Bien que la guerre civile d’Amérique ait pris fin il y a plus de 150 ans, elle génère toujours des controverses. Les événements récents à Charlottesville, en Virginie, où le démantèlement d'un monument de guerre confédéré a débouché sur des violences qui ont provoqué un mort le 13 août, ne constituent qu'un exemple récent.
La guerre civile constitue incontestablement un tournant dans l'histoire américaine, et les dirigeants russes suivaient de près les événements. Ils finirent par jouer un rôle modeste, mais essentiel, qui s'est avéré crucial pour la victoire du Nord.
« La Russie désire plus que tout le maintien de l'Union américaine en tant que nation indivisible », a déclaré le ministre des Affaires étrangères Alexander Gortchakov en 1862 à Bayard Taylor, secrétaire de l'ambassade américaine à Saint-Pétersbourg.
Parmi les autres pays européens, seule la Suisse a ouvertement soutenu l'Union. En ce qui concerne les deux principales puissances européennes – la Grande-Bretagne et la France – leurs dirigeants ont envisagé la possibilité d'une intervention aux côtés de la Confédération, mais ils y ont plus tard renoncé et sont restés neutres.
Dans la lettre susmentionnée à Taylor, Gortchakov faisait allusion au fait que son pays s’était vu proposer de rejoindre une coalition qui soutiendrait vraisemblablement la Confédération, une option formellement rejetée côté russe.
Navires de guerre russes près de New York. Crédit : Archives
Le rôle de la Russie dans la guerre civile alla plus loin que la simple expression d’un soutien diplomatique. En septembre 1863, une flotte russe de six navires de guerre se dirigea vers la côte orientale de l'Amérique du Nord et y resta sept mois. Basés à New York, ils patrouillaient dans les environs. Une chose similaire s'est produite sur la côte ouest, où une flotte de six navires de guerre était basée à San Francisco. Cela a contribué à prévenir les attaques surprise des Sudistes sur ces villes portuaires cruciales de l'Union.
Les citoyens et le gouvernement de l'Union ont accueilli chaleureusement la marine russe, et les témoins rapportent que les Américains désiraient voir les marins et les officiers russes et les inviter à des banquets et des célébrations.
« La Russie a envoyé ses flottes dans les eaux américaines afin d’exprimer ses sympathies pour la cause de l'Union », a déclaré avec enthousiasme l'historien américain James Callahan en 1908. Plus tard, cependant, les historiens ont compris que la vérité était plus compliquée.
Crédit : Getty Images
La Russie n'était pas profondément préoccupée par le conflit interne en Amérique, même si Alexandre II était lui-même célèbre pour avoir aboli le servage en 1861, deux ans avant que Lincoln ne mette fin à l'esclavage. Comme l'a souligné l'historien Nikolaï Bolkhovitinov dans un article, la Russie avait des raisons pragmatiques de soutenir le Nord.
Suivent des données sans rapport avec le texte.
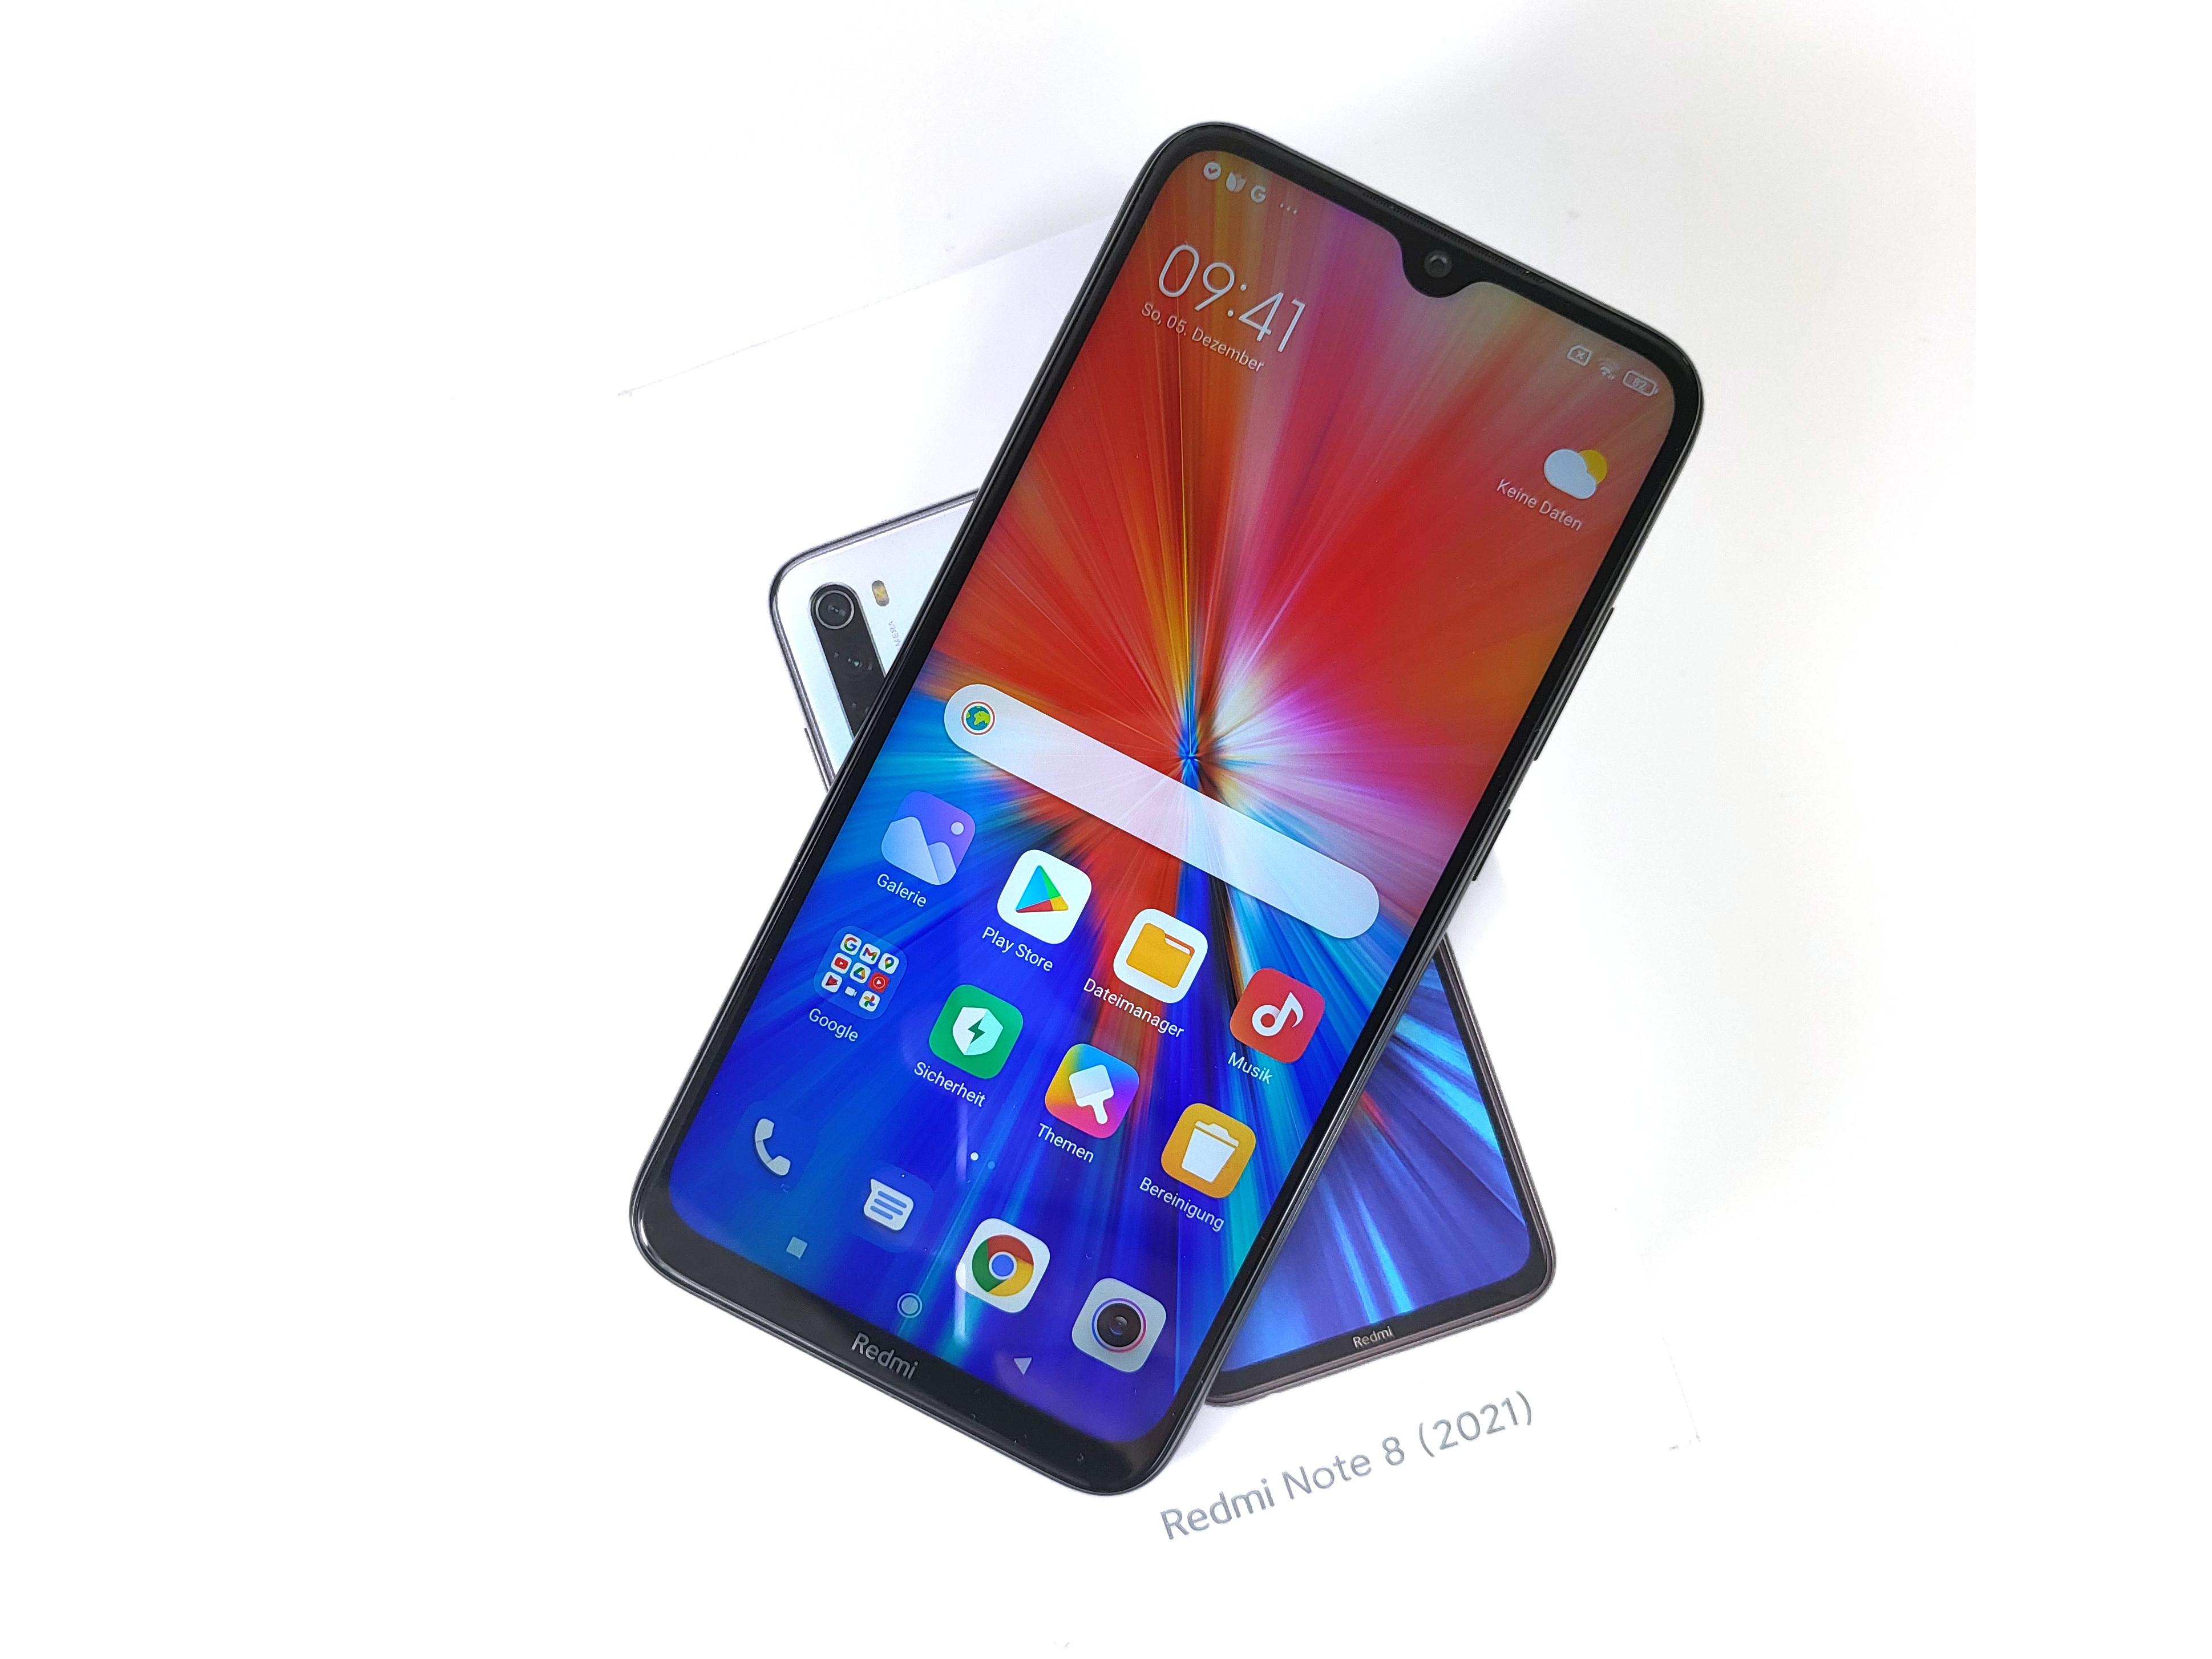 Top 5 reasons to BUY or NOT to buy the Xiaomi Redmi Note 8 (2021)

La seconde moitié du XIXe siècle a été difficile pour la Russie en termes de relations internationales. Après avoir perdu la guerre de Crimée (1853 – 1856) face à une alliance réunissant la Grande-Bretagne, la France et l'Empire ottoman, la Russie fait face à un autre défi quelques années plus tard. En 1863, un soulèvement éclate dans les régions de l'ancien État polono-lituanien sous domination russe.
Encouragés par la récente défaite militaire de la Russie, les Polonais ont tenté de retrouver leur indépendance, et la Grande-Bretagne et la France envisageaient une intervention du côté polonais. Bolkhovitinov souligne que le transfert d'une partie de la marine russe en Amérique aurait fourni une aide en cas de guerre contre les puissances européennes. Basés dans des ports neutres, les navires de guerre russes auraient pu plus facilement attaquer les navires britanniques et français dans l'Atlantique et le Pacifique. Mais cela ne fut pas nécessaire, la Grande-Bretagne et la France n’ayant pas soutenu le soulèvement polonais, qui fut écrasé par les troupes russes.
Des recherches dans les archives du gouvernement russe prouvent le bien-fondé du point de vue de Bolkhovitinov : la Russie a soutenu les États-Unis de manière pragmatique, et non par fidélité aux idées de l’Union. Pourtant, cela n’enlève rien au fait que la coopération fut cruciale pour la cause de l'Union.
L'Union pouvait être assurée que ses côtes étaient sûres, ce qui a aidé le Nord à triompher lors de la guerre civile. Il est facile d'imaginer que sans la marine russe, les ports stratégiques de New York et de San Francisco eussent pu être attaqués et gravement endommagés, ce qui aurait constitué un coup dur pour l'effort de guerre et le moral de l'Union.